Exercise brief: Reproduce the lines below exactly, from the one containing "w_185_4_fotos_a_groente" through the one containing "Conferenza 11 Aprile Verita Bambu", both included. Leave out any pictures.

Top of Information given

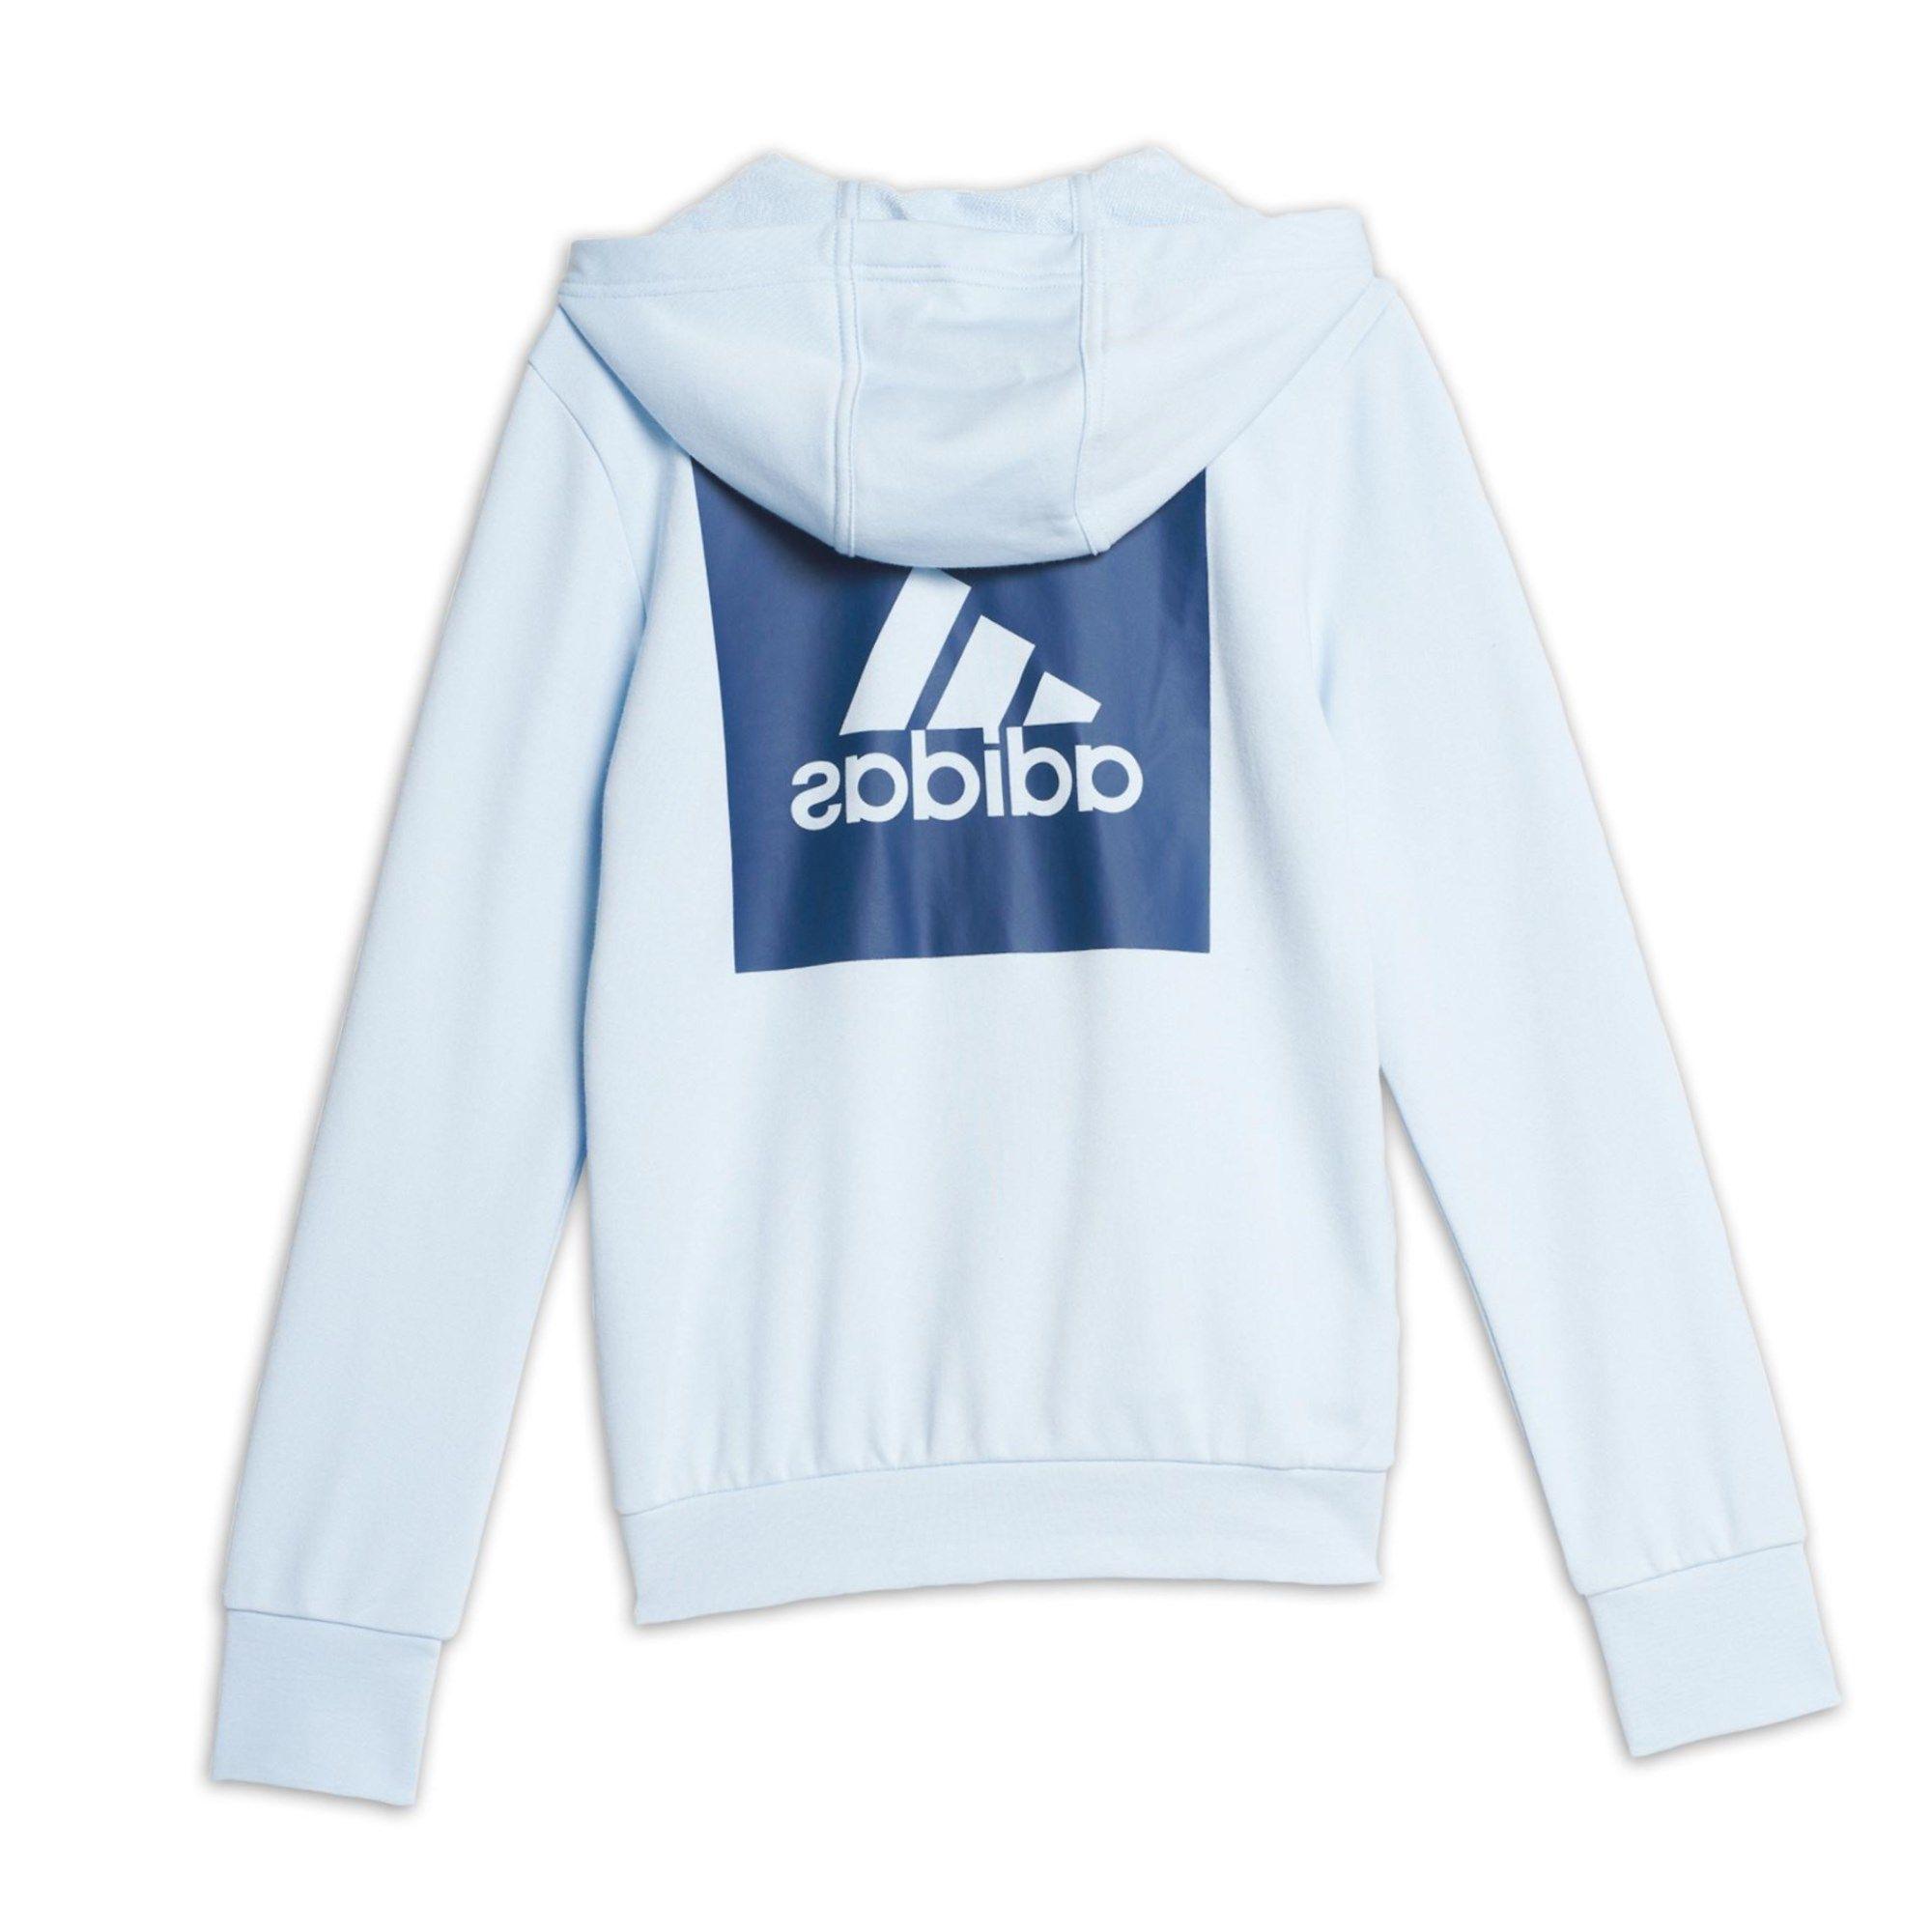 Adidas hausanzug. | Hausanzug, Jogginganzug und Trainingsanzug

Bottom of Information given
Top of Information given

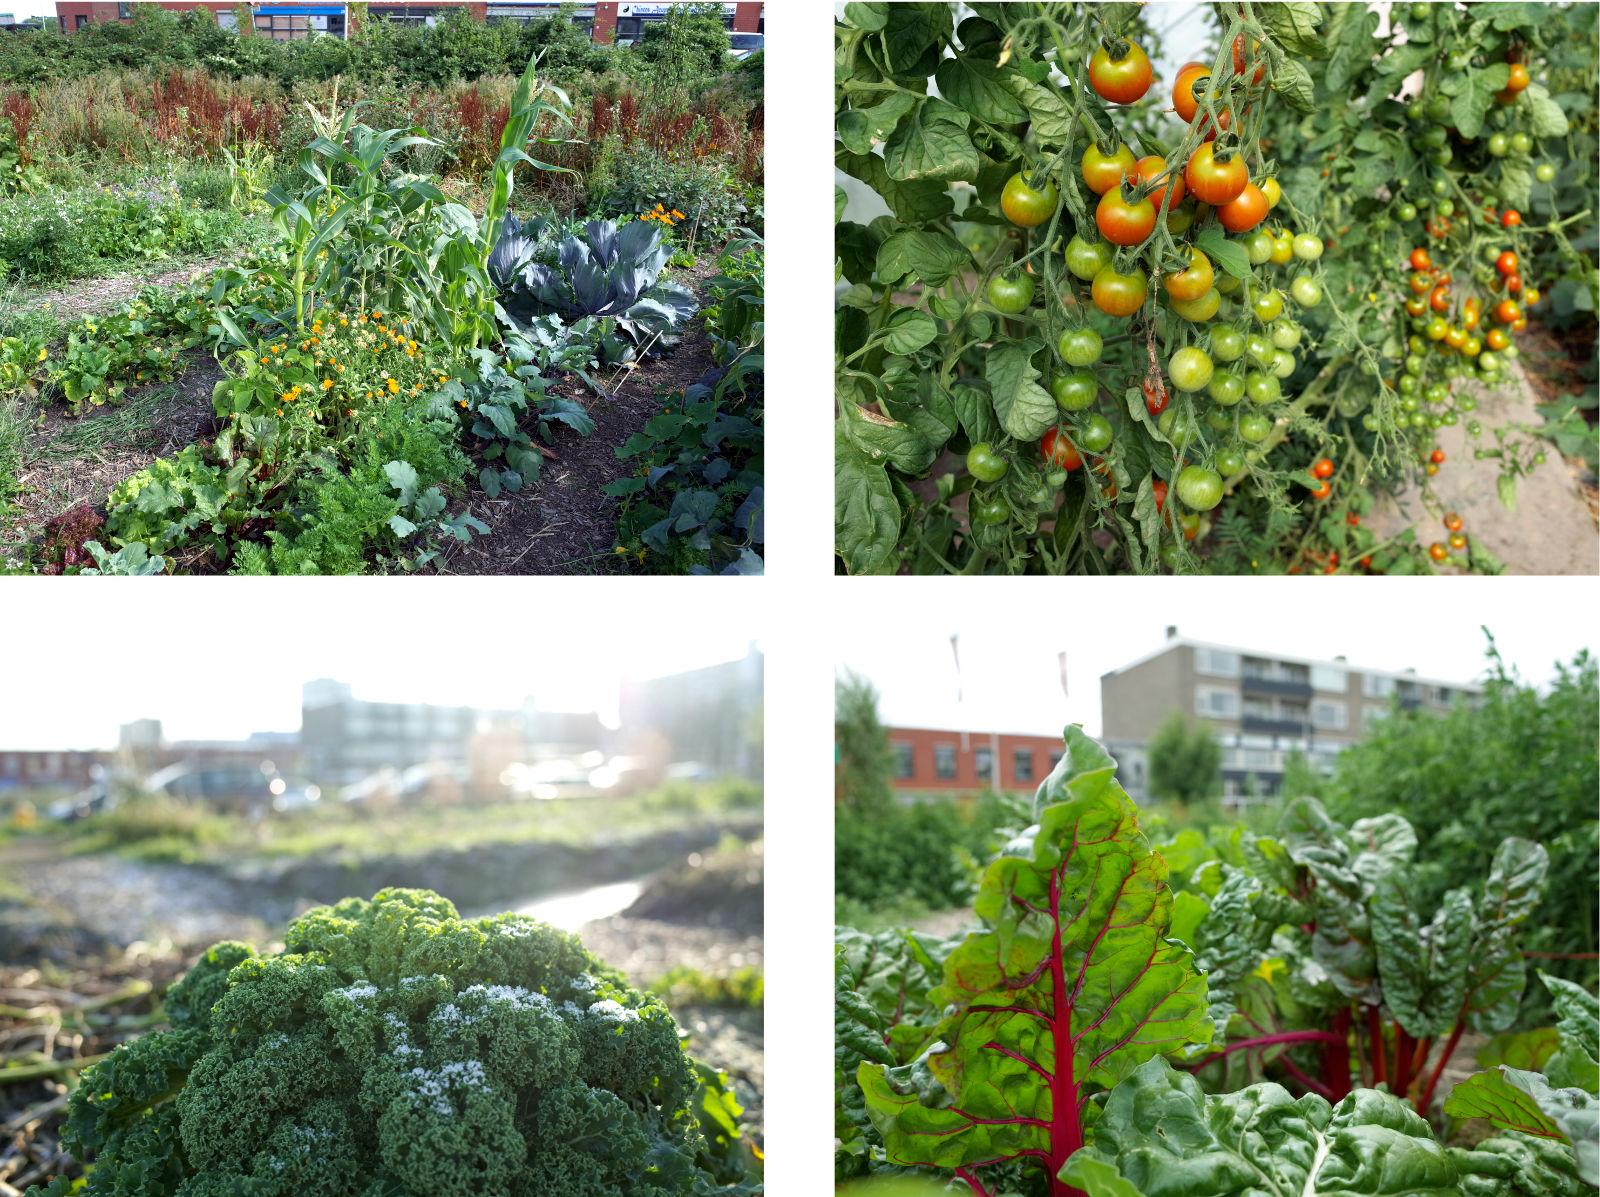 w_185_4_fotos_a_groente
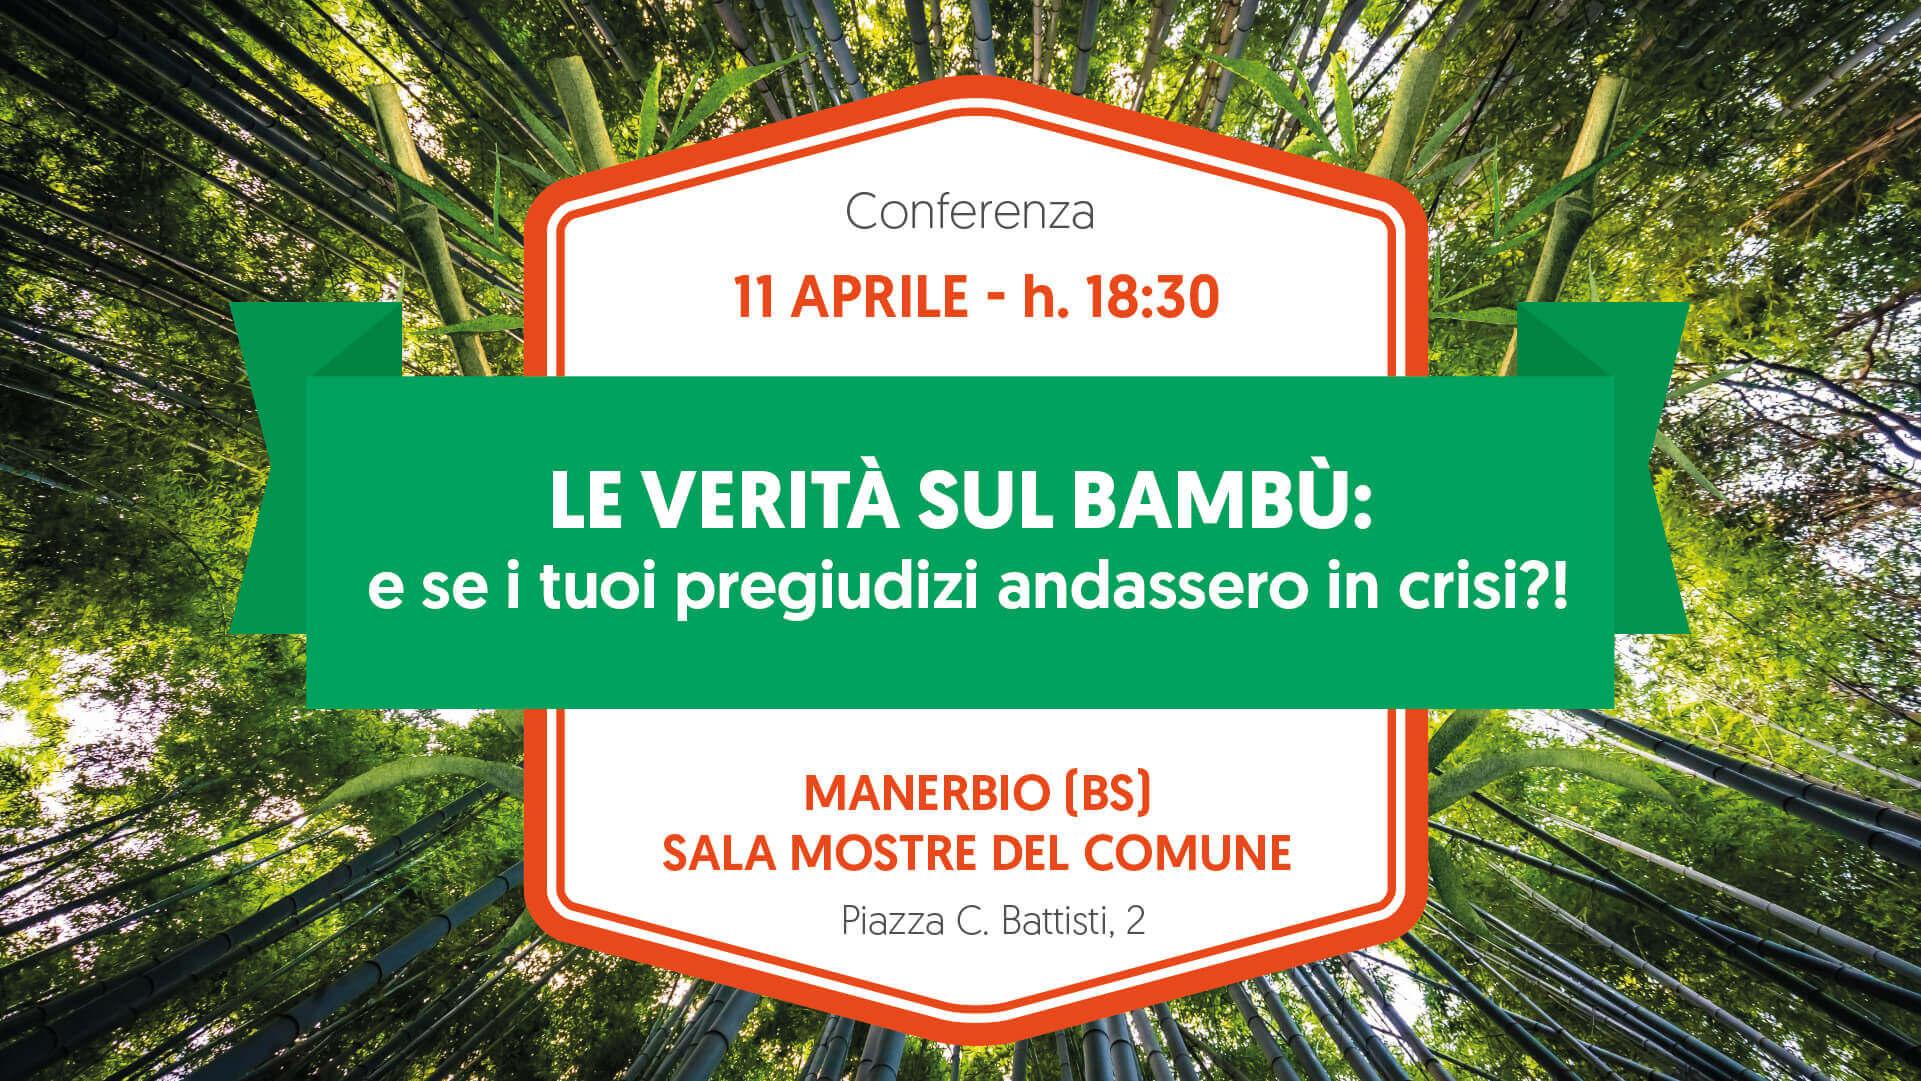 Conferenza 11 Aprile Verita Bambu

Bottom of Information given
Top of Information given

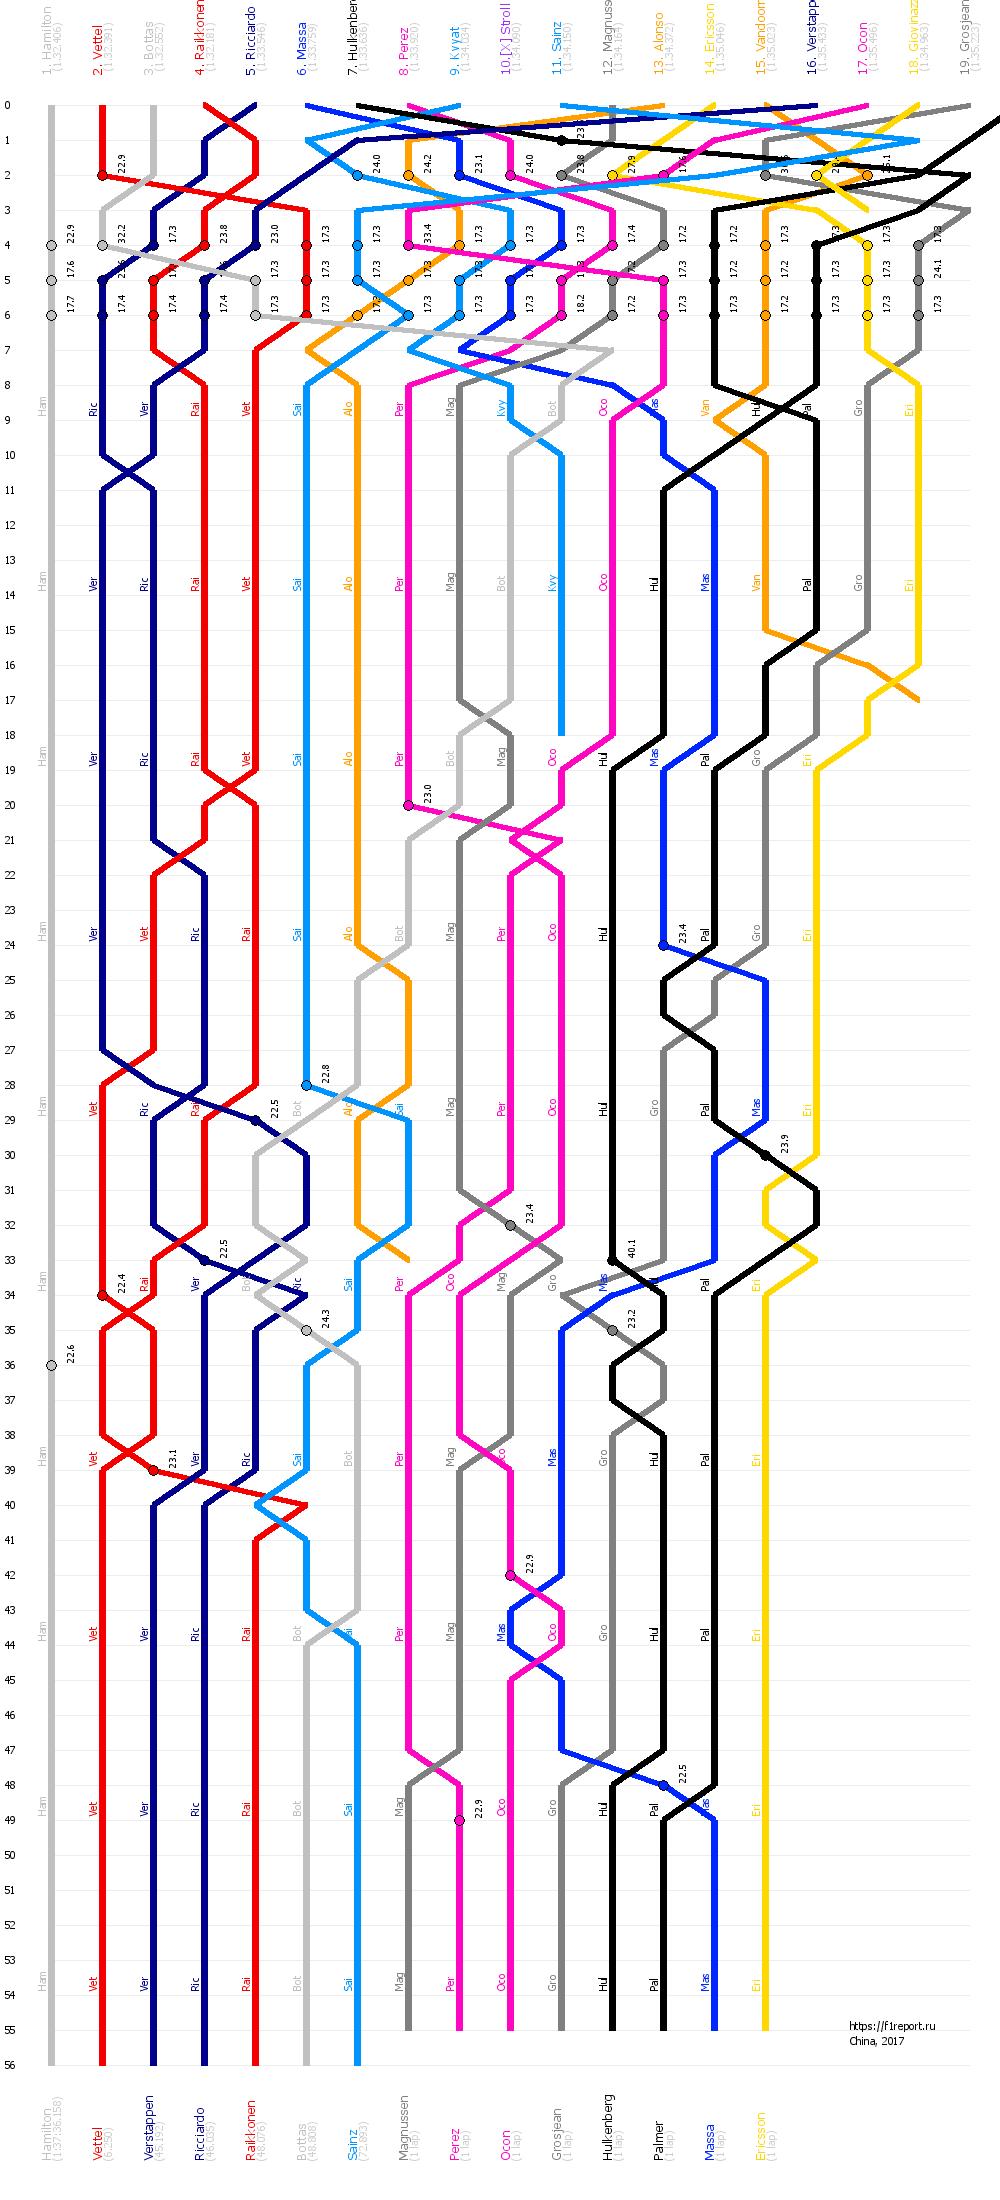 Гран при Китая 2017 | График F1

Bottom of Information given

Solution:
 w_185_4_fotos_a_groente
 Conferenza 11 Aprile Verita Bambu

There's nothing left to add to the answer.